FIG. 1 is a schematic side view illustrating an example of the measuring method of the present invention applied to a contact lens in a completed state, and FIG. 2 is a schematic side view illustrating another example of the measuring method of the present invention applied to a contact lens in a semi-finished state. FIG. 3 is a structural block diagram showing an example of the measuring device of the present invention for a contact lens in a completed state, and FIG. 4 is a structural block diagram showing another example of the device of the present invention for a contact lens in a completed state. 1 ... Lens barrel, 1a ... Objective lens, 2 ... Optical axis, 3,6 ...
Contact lens, 3a, 6a …… Concave side center, 3b …… Convex side center, 3s, 6s …… Concave side surface, 4 …… Optical path, 5,12 ……
Lens stand, 7 ... Eyepiece, 8 ... Semi-transparent mirror, 9 ...

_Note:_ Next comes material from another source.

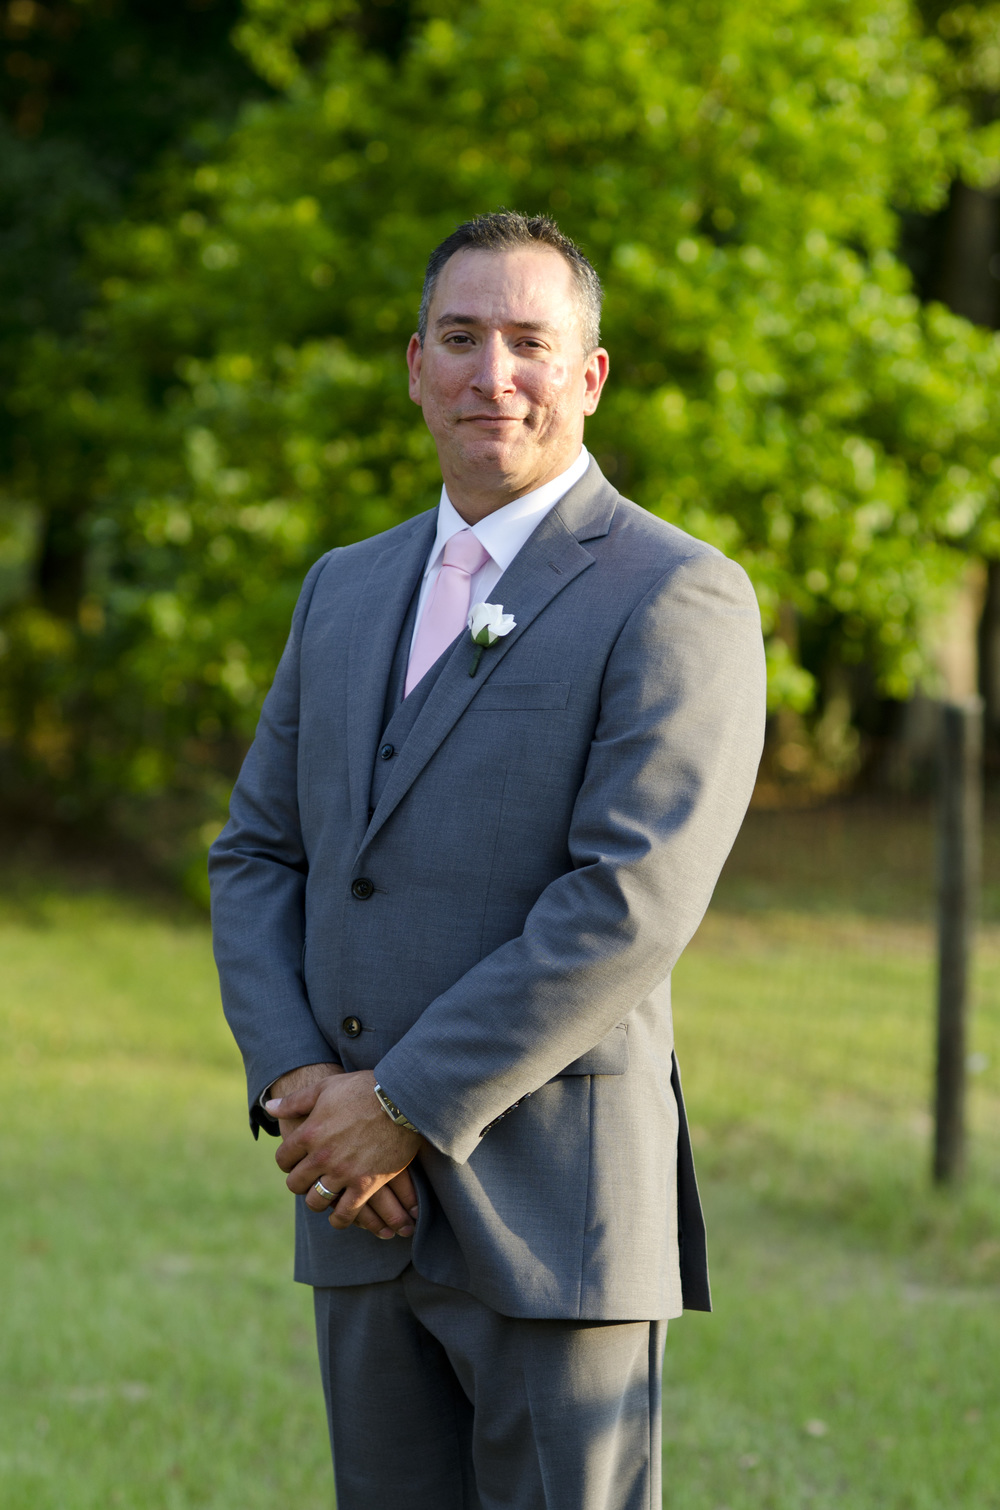 alaska wedding photographer - outdoor wedding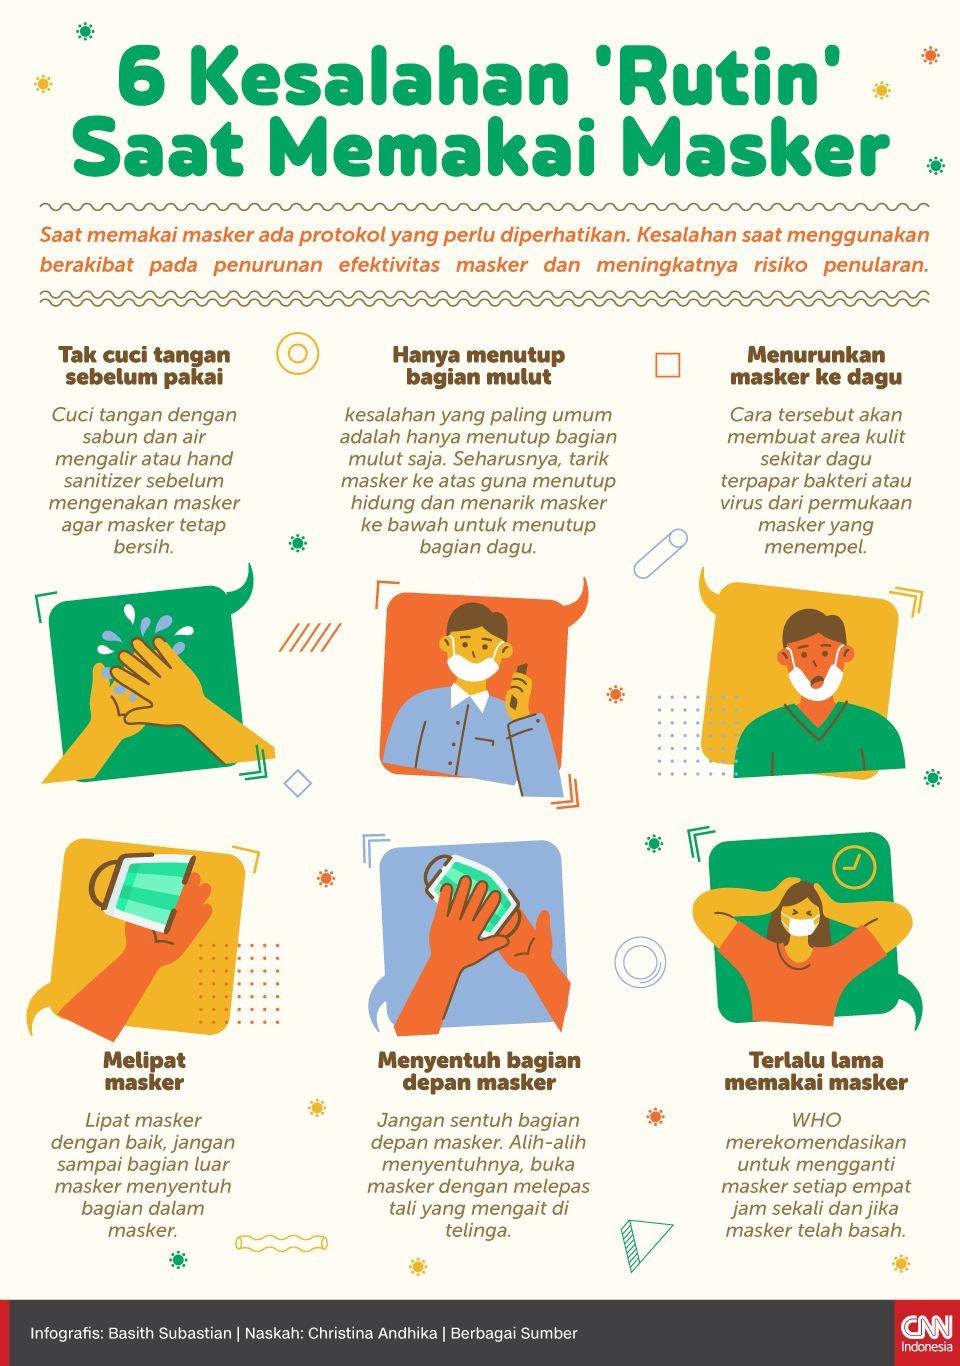 Infografis 6 Kesalahan 'Rutin' Saat Memakai Masker

… Target, 10… Lamp, 11… Optical sensor, 13… Height adjustment device, 14… Height measurement sensor, 15… Focusing control circuit, 16… Arithmetic circuit,
17: Data output display unit, 18: Digital numerical input switch, A: Mirror, R, R '... Base curve (curvature radius), T, T' ... Center thickness

Claims (2)

[Claims] 1. A target pattern is projected onto a contact lens, which is placed with the concave side facing the objective lens of a radial scope, and the contact lens and the objective lens are moved relative to each other, and the center and concave surface of the contact lens on the concave side. On the optical axis of the contact lens or the objective lens on which the two focus images are formed, when forming the focus images of the patterns on the side surfaces and detecting these focus images by the optical sensor through the eyepiece lens of the radial scope The radius of curvature of the contact lens is obtained from the difference in the position of the contact lens, and the focus image of the pattern is formed on the center of the convex surface or the back surface of the lens and detected by the sensor, and the focus image of the center of the convex surface or the back surface is obtained. Of the contact lens or the objective lens on which a focus image of the concave side center is formed Simultaneous measurement of the base curve and center thickness of the contact lens by comparing the position of the on-axis and obtaining the central thickness of the contact lens. 2. A microscope formed by an eyepiece lens and an objective lens arranged on the same optical axis, an optical sensor provided on the optical axis close to the eyepiece lens of the microscope, and light between the two lenses. On the optical axis, there is provided a mirror section including a semitransparent mirror disposed on the axis and a target section projecting a target pattern from the side of the optical axis to the objective lens side through the semitransparent mirror. A lens holder for movably holding the contact lens, the holder for holding the contact lens, or a length measuring means for reading the amount of movement of the mirror body when moved on the optical axis, By moving the lens holder or the mirror body, the focus side image of the projected pattern that can be detected by the sensor is formed. The concave side center and the concave side surface of the contact lens and the convex side or The contact lens characterized in that the base curve and the center wall thickness of the contact lens are calculated by respectively measuring the position on the optical axis of the mounting table or the mirror portion corresponding to the surface side center. Simultaneous measurement system for base curve and center wall thickness.